#### [TASK]
Word-for-word transcription: reproduce all of the data, but not the pictures.

#### [PROVIDED MATERIAL]
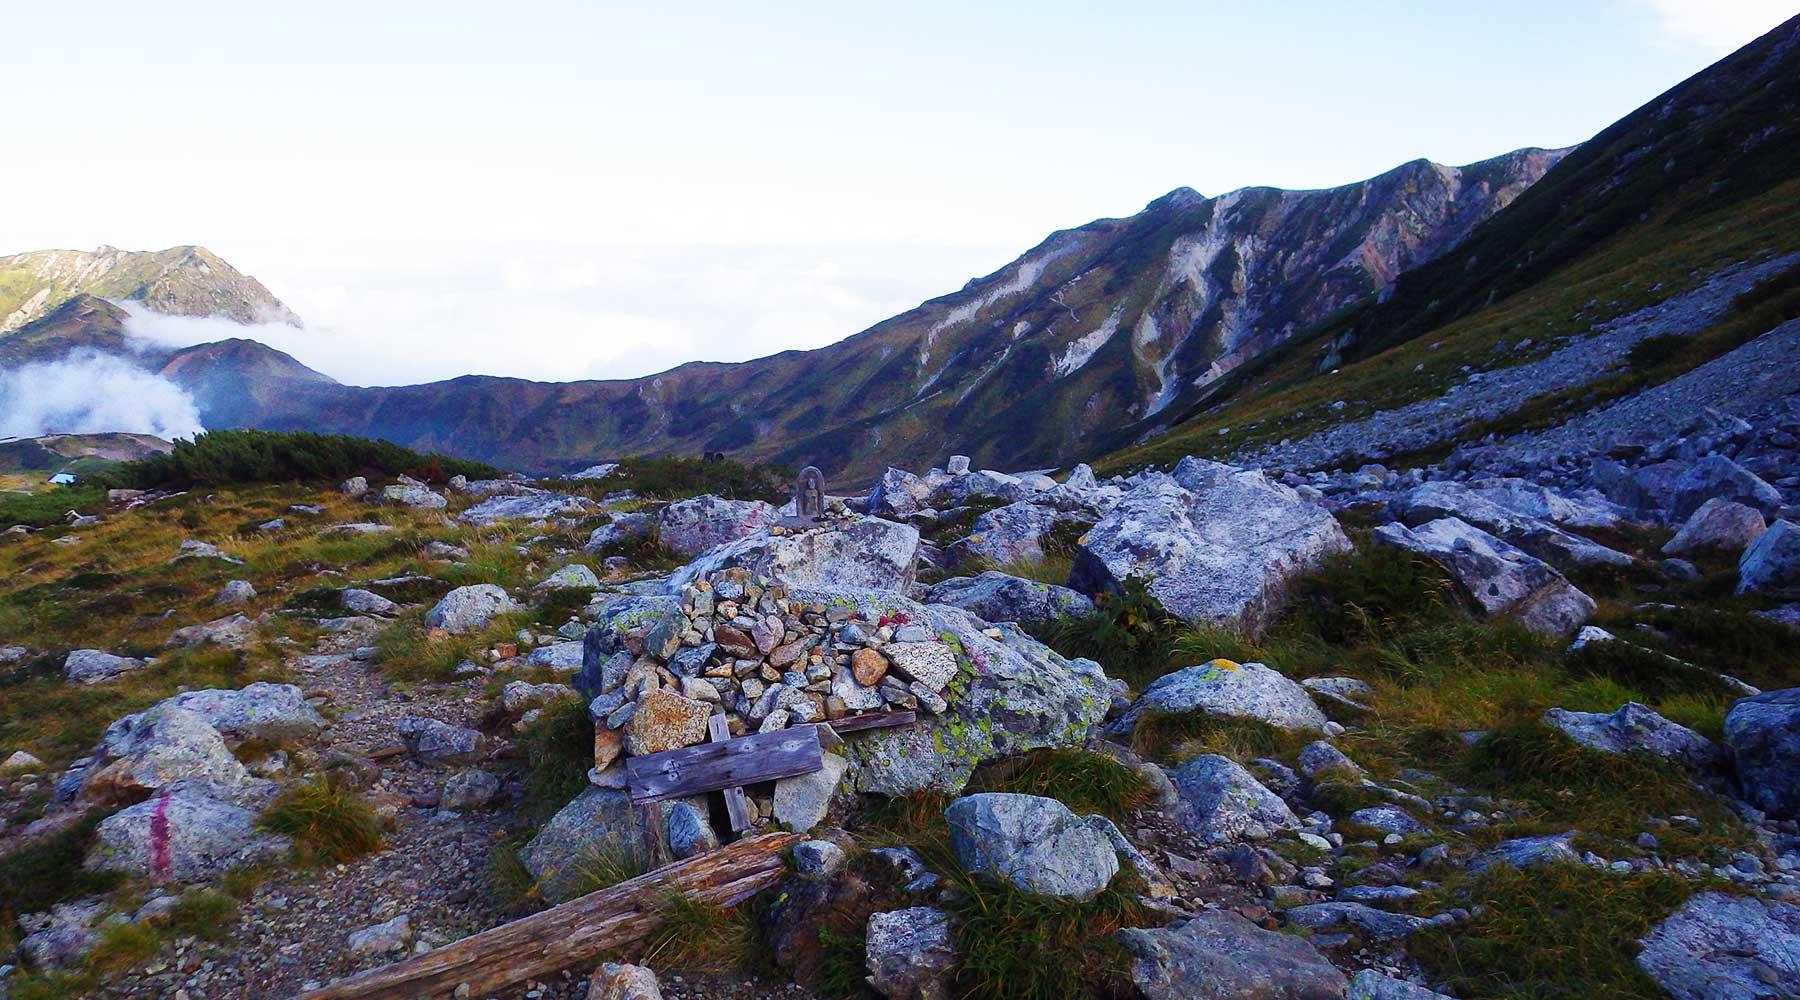 雷鳥沢キャンプ場から一ノ越へ登るルートと、室堂から上がるルートの合流地点
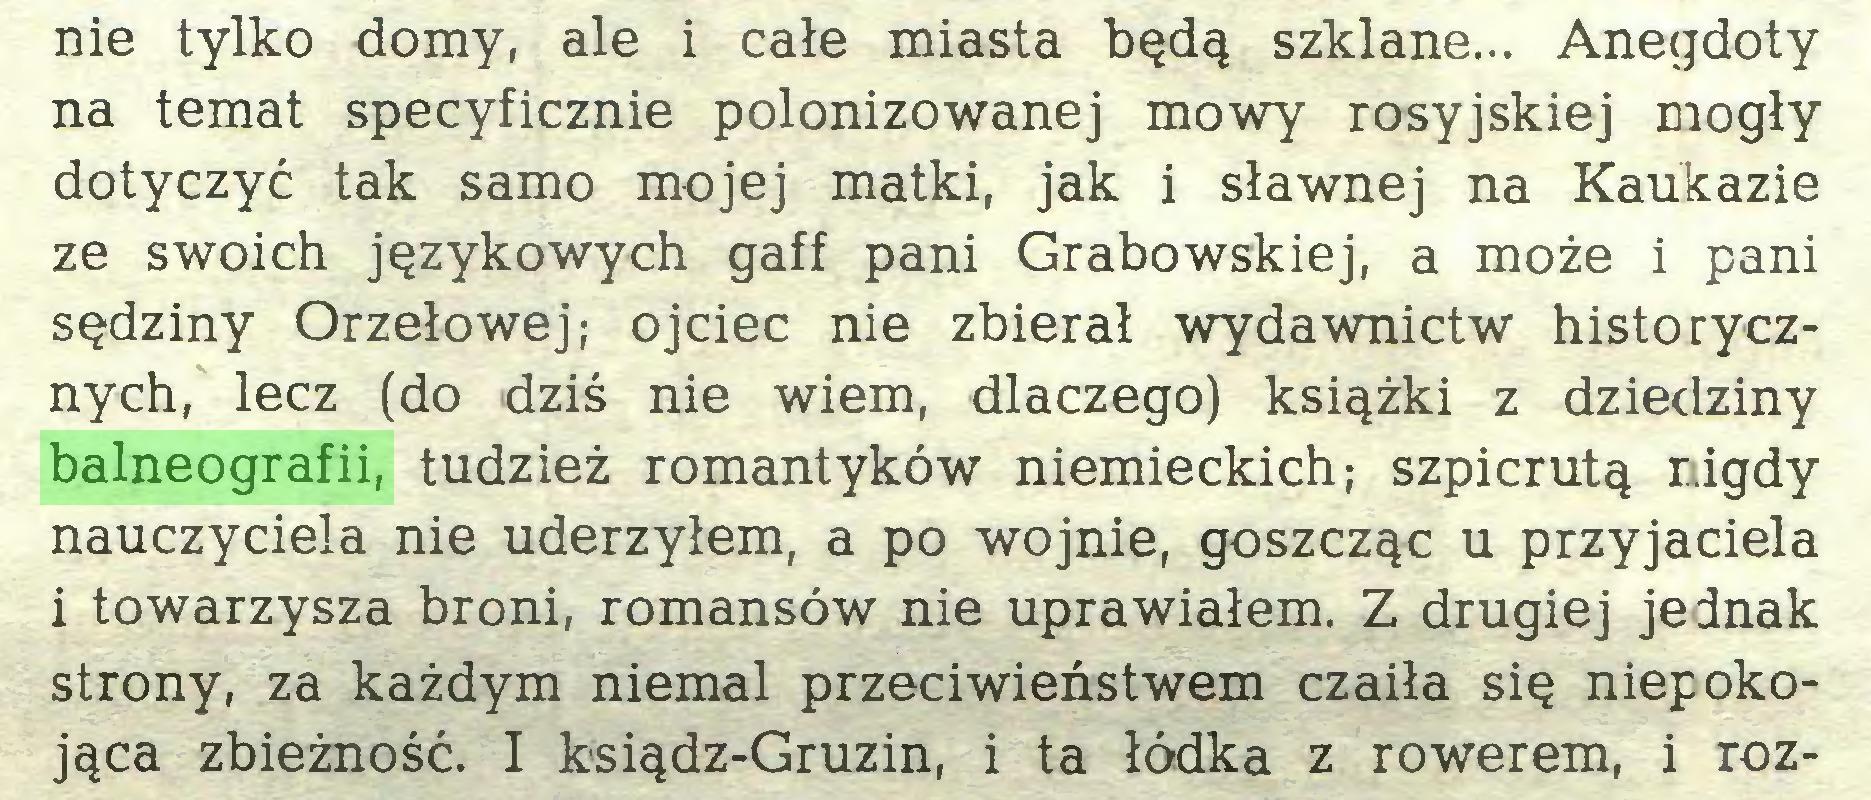 (...) nie tylko domy, ale i całe miasta będą szklane... Anegdoty na temat specyficznie polonizowanej mowy rosyjskiej mogły dotyczyć tak samo mojej matki, jak i sławnej na Kaukazie ze swoich językowych gaff pani Grabowskiej, a może i pani sędziny Orzełowej; ojciec nie zbierał wydawnictw historycznych, lecz (do dziś nie wiem, dlaczego) książki z dziedziny balneografii, tudzież romantyków niemieckich; szpicrutą nigdy nauczyciela nie uderzyłem, a po wojnie, goszcząc u przyjaciela i towarzysza broni, romansów nie uprawiałem. Z drugiej jednak strony, za każdym niemal przeciwieństwem czaiła się niepokojąca zbieżność. I ksiądz-Gruzin, i ta łódka z rowerem, i roz...
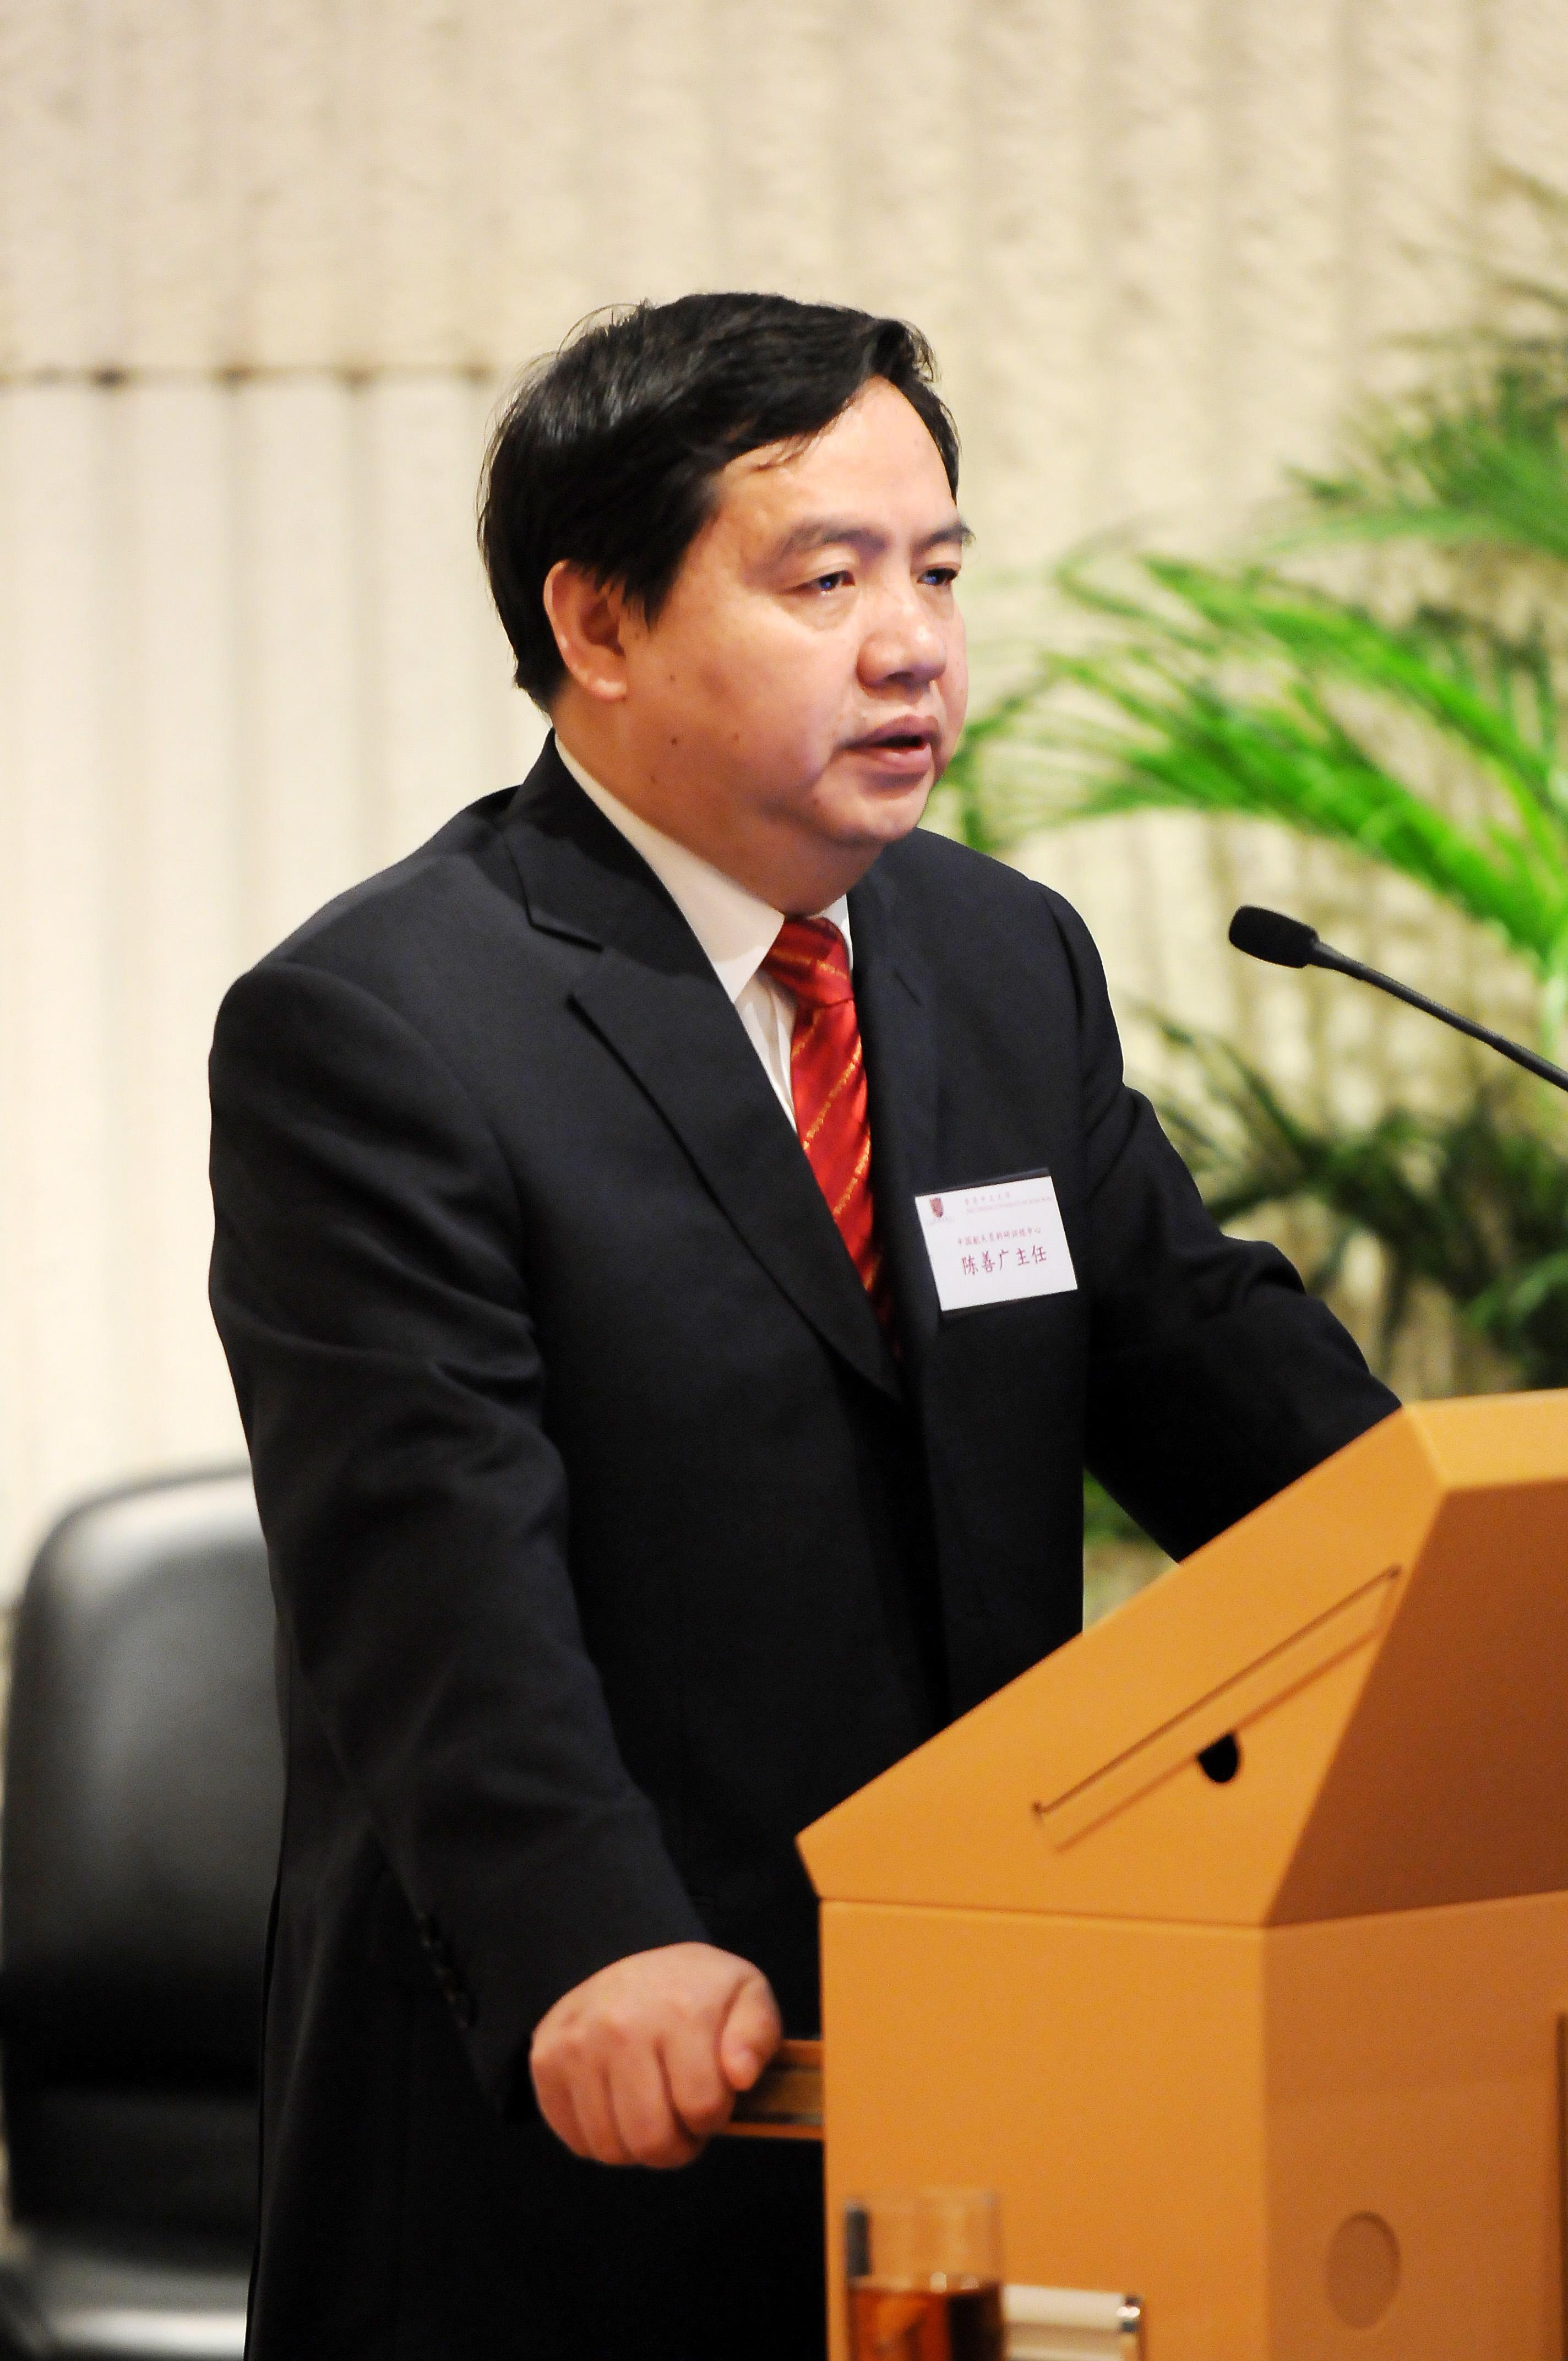 中國航天員科研訓練中心主任陳善廣教授於中大演講

#### [TASK RESPONSE]
 雷鳥沢キャンプ場から一ノ越へ登るルートと、室堂から上がるルートの合流地点
 (...) nie tylko domy, ale i całe miasta będą szklane... Anegdoty na temat specyficznie polonizowanej mowy rosyjskiej mogły dotyczyć tak samo mojej matki, jak i sławnej na Kaukazie ze swoich językowych gaff pani Grabowskiej, a może i pani sędziny Orzełowej; ojciec nie zbierał wydawnictw historycznych, lecz (do dziś nie wiem, dlaczego) książki z dziedziny balneografii, tudzież romantyków niemieckich; szpicrutą nigdy nauczyciela nie uderzyłem, a po wojnie, goszcząc u przyjaciela i towarzysza broni, romansów nie uprawiałem. Z drugiej jednak strony, za każdym niemal przeciwieństwem czaiła się niepokojąca zbieżność. I ksiądz-Gruzin, i ta łódka z rowerem, i roz...
 中國航天員科研訓練中心主任陳善廣教授於中大演講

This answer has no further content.